((
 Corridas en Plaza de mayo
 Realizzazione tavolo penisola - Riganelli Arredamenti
))
((
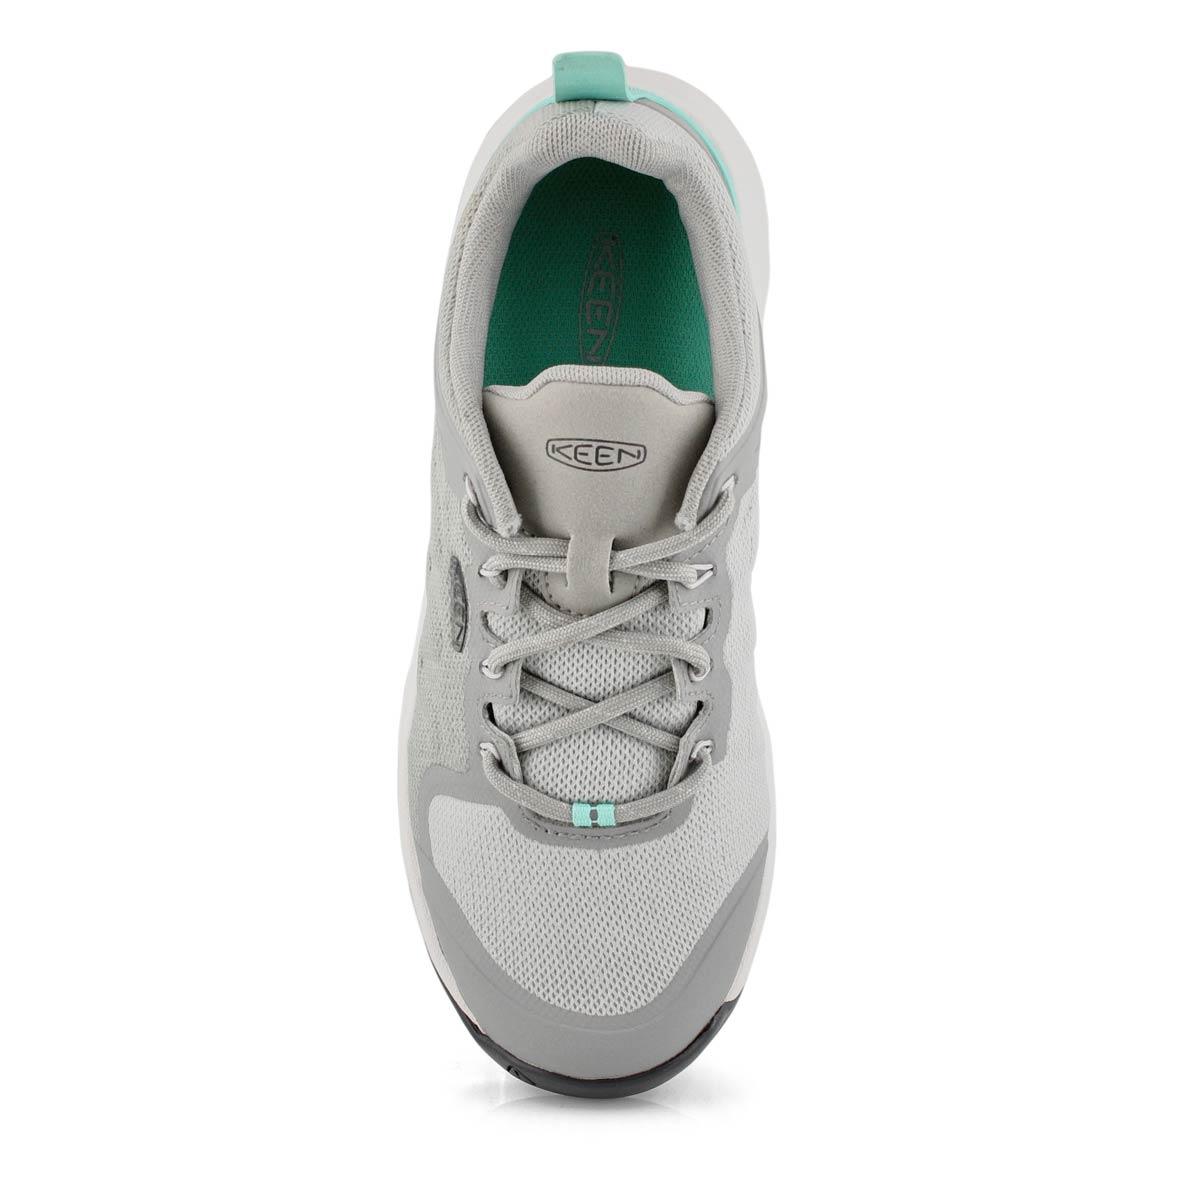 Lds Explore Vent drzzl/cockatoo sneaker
))
# WHAT YOU SHOULD DO
In your answer, include only the lines above starting at the line that holds "Corridas en Plaza de mayo" and ending at the line that holds "Realizzazione tavolo penisola", copied exactly.

# RESULT OF THIS EXERCISE
 Corridas en Plaza de mayo
 Realizzazione tavolo penisola - Riganelli Arredamenti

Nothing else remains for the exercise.